◆ **Exercise objective**
Starting at the line containing "Ankara Tabela, Tabela" and ending at the line containing "Hayward Suede Shopper", transcribe the listing below exactly. Keep both end lines, skip the pictures, and copy nothing else.

◆ **The data**
◆ ◆ ◆ ◆ ◆

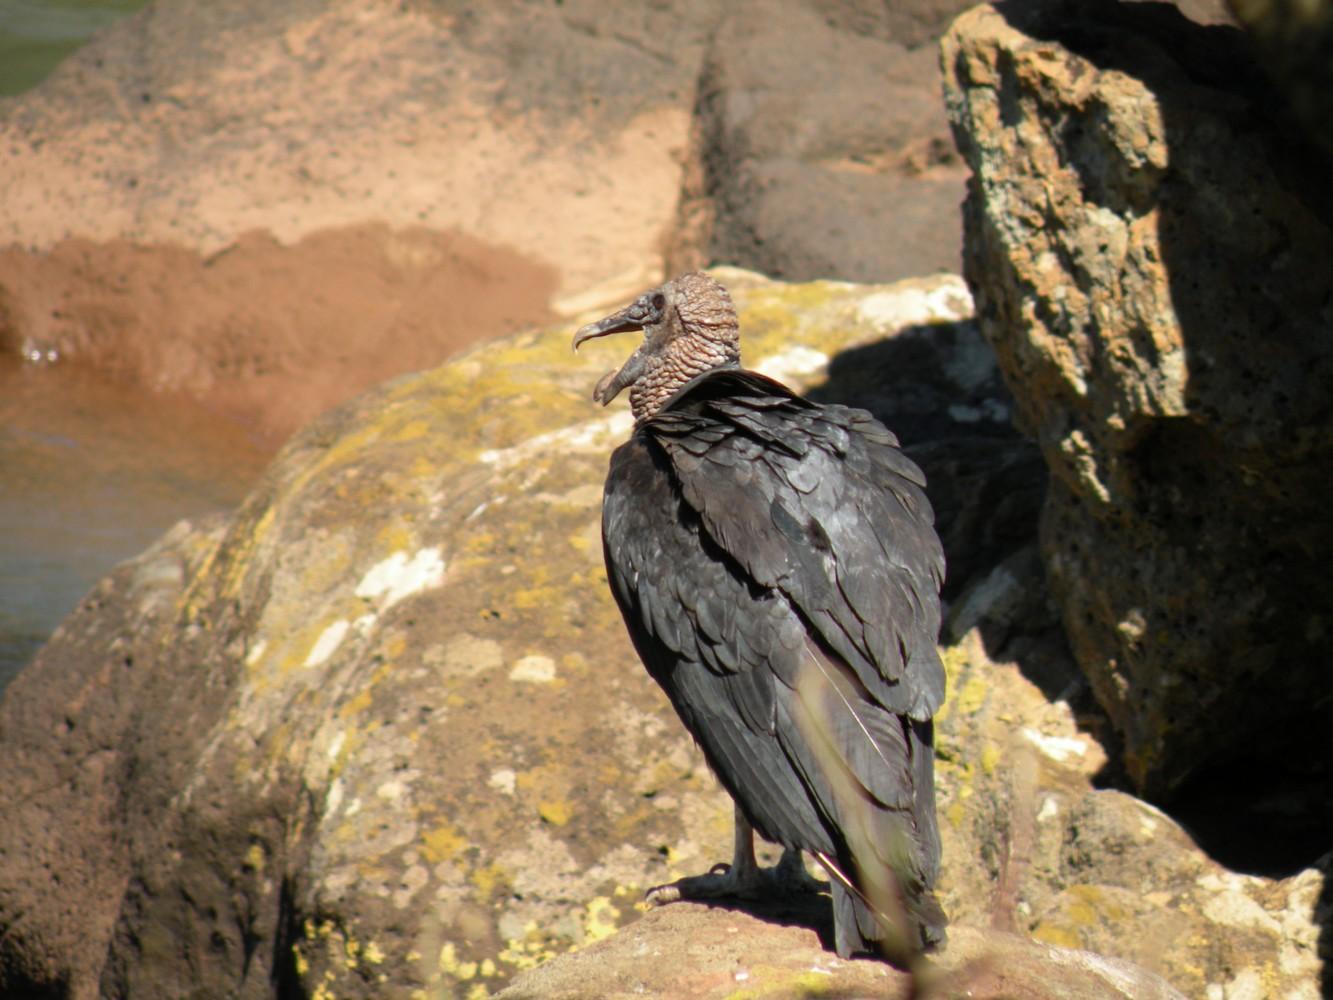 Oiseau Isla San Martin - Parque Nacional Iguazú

◆ ◆ ◆ ◆ ◆

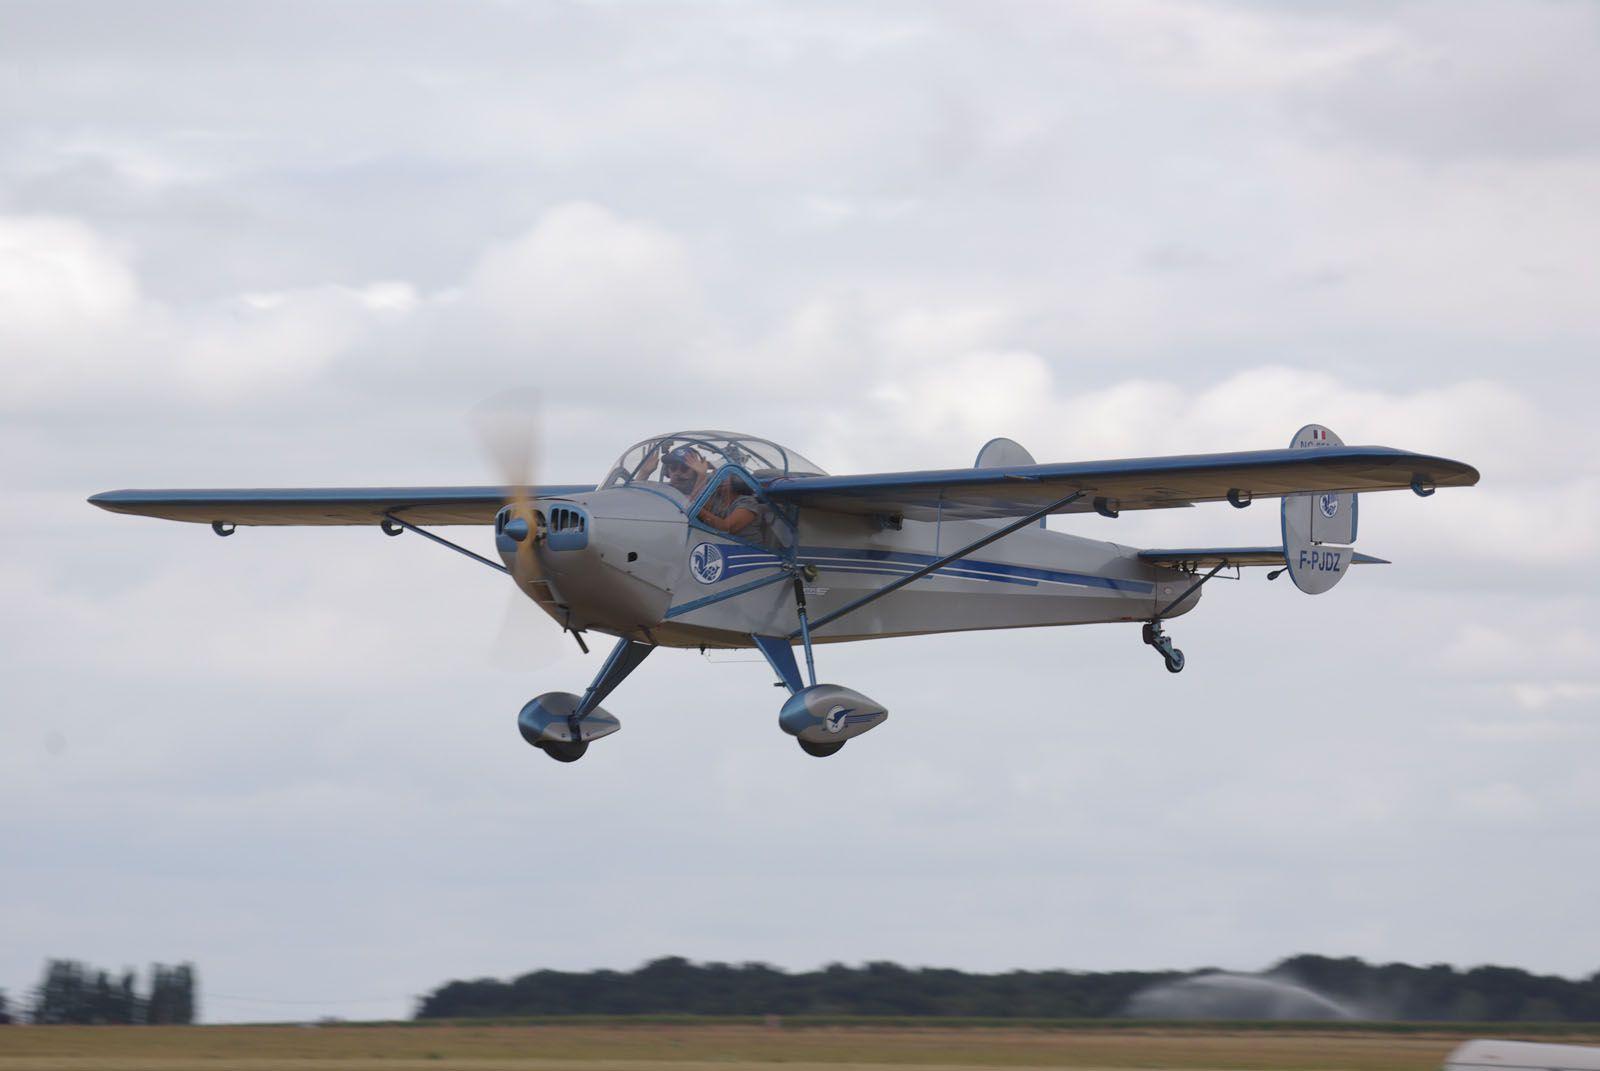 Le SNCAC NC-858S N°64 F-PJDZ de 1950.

◆ ◆ ◆ ◆ ◆

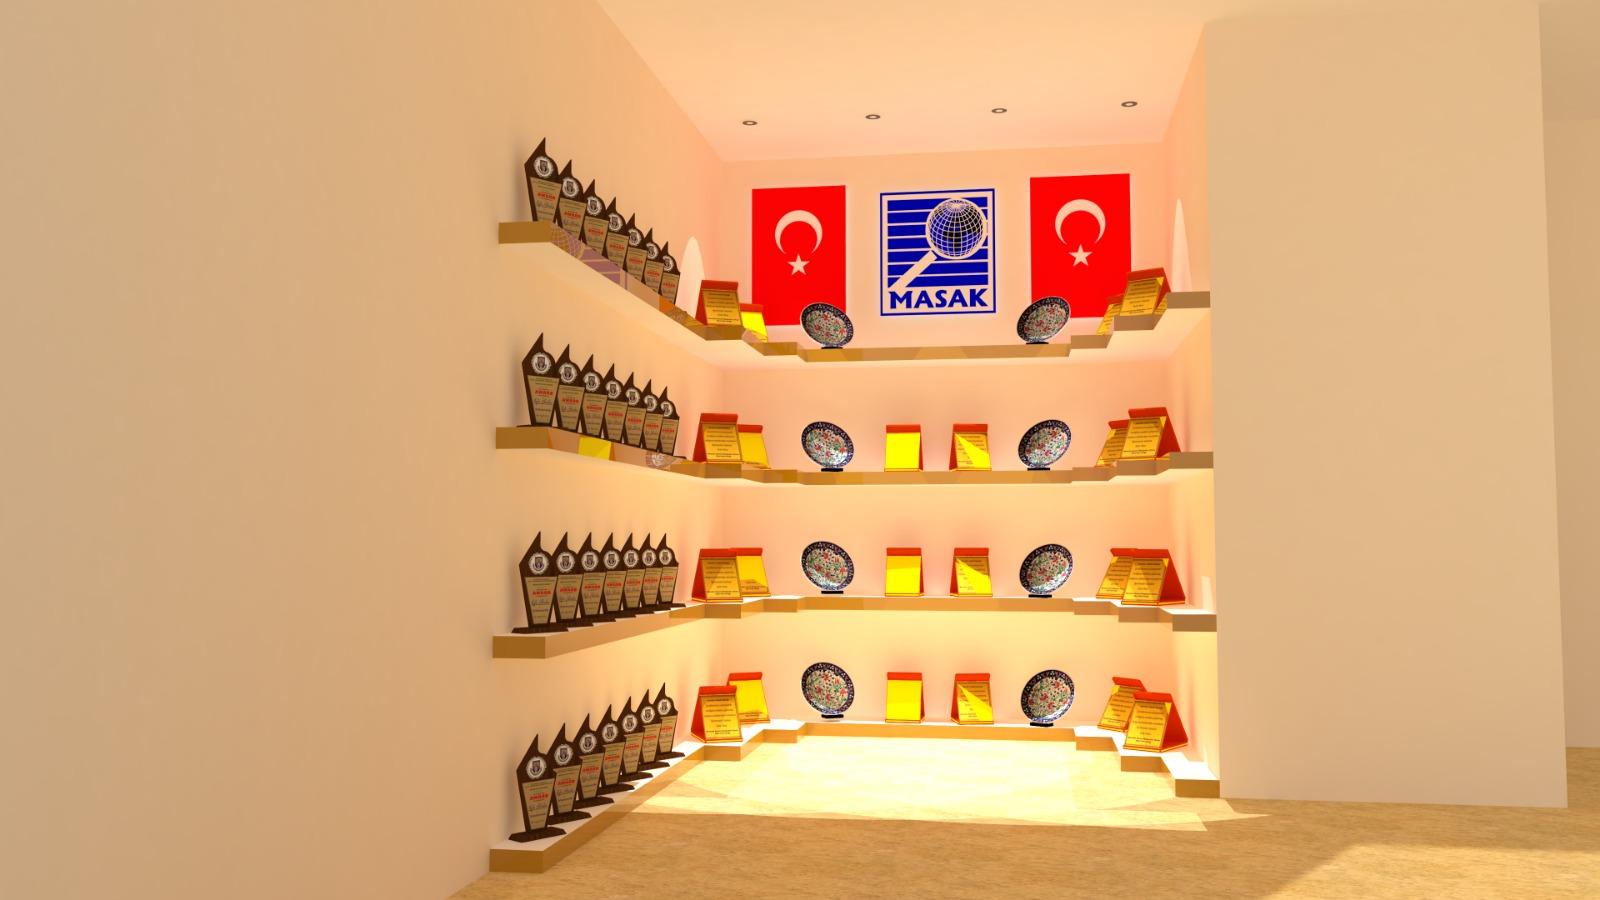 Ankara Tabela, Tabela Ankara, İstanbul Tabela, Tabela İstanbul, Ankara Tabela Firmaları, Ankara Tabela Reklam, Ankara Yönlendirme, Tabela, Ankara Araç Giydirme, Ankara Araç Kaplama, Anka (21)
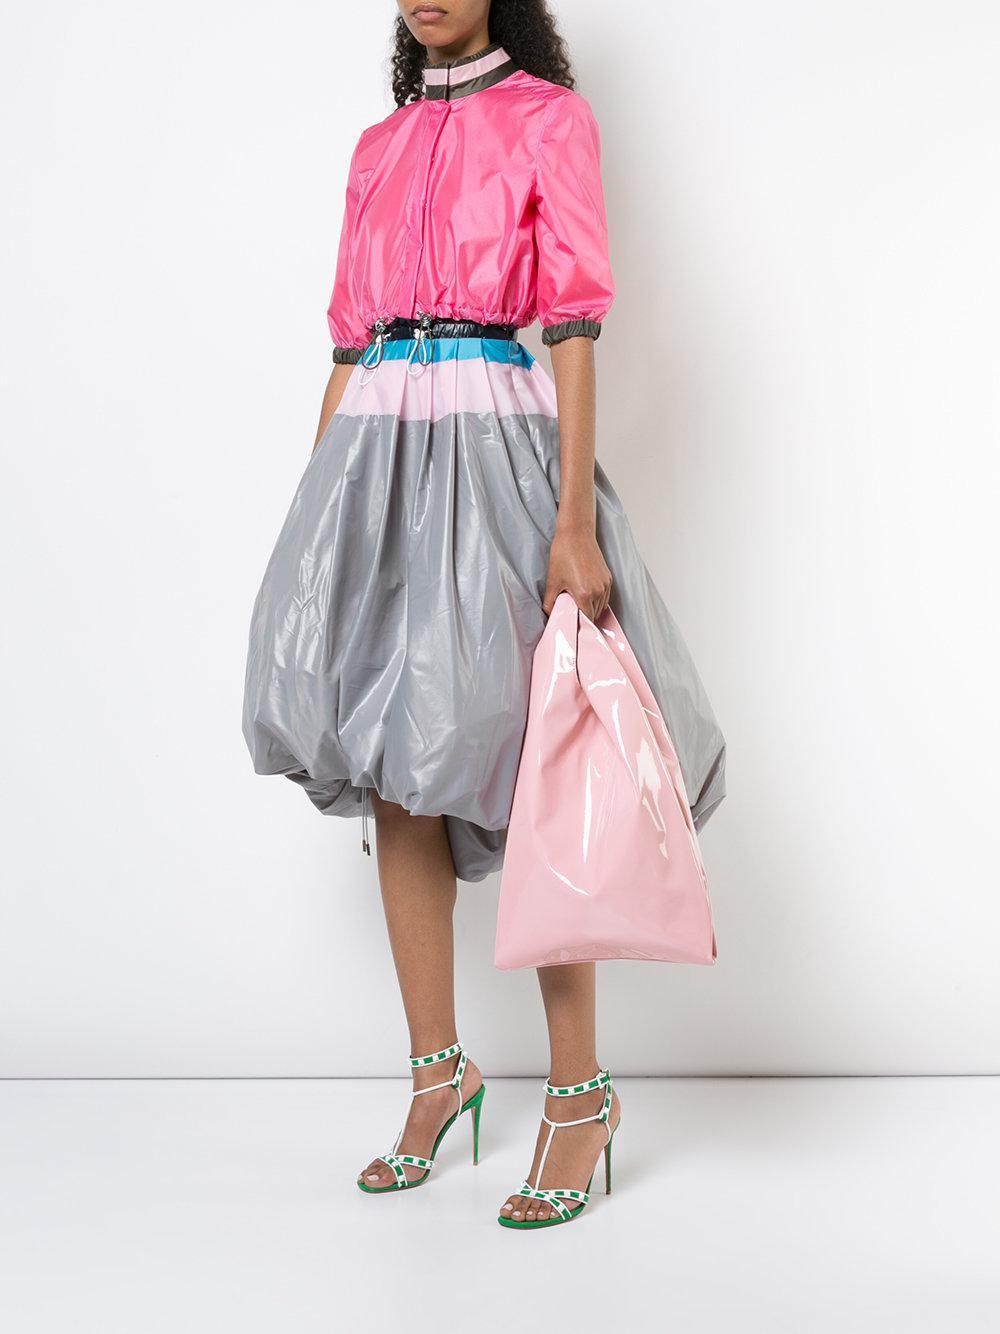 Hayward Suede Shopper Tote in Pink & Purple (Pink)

◆ ◆ ◆ ◆ ◆

◆ **Written answer**
 Ankara Tabela, Tabela Ankara, İstanbul Tabela, Tabela İstanbul, Ankara Tabela Firmaları, Ankara Tabela Reklam, Ankara Yönlendirme, Tabela, Ankara Araç Giydirme, Ankara Araç Kaplama, Anka (21)
 Hayward Suede Shopper Tote in Pink & Purple (Pink)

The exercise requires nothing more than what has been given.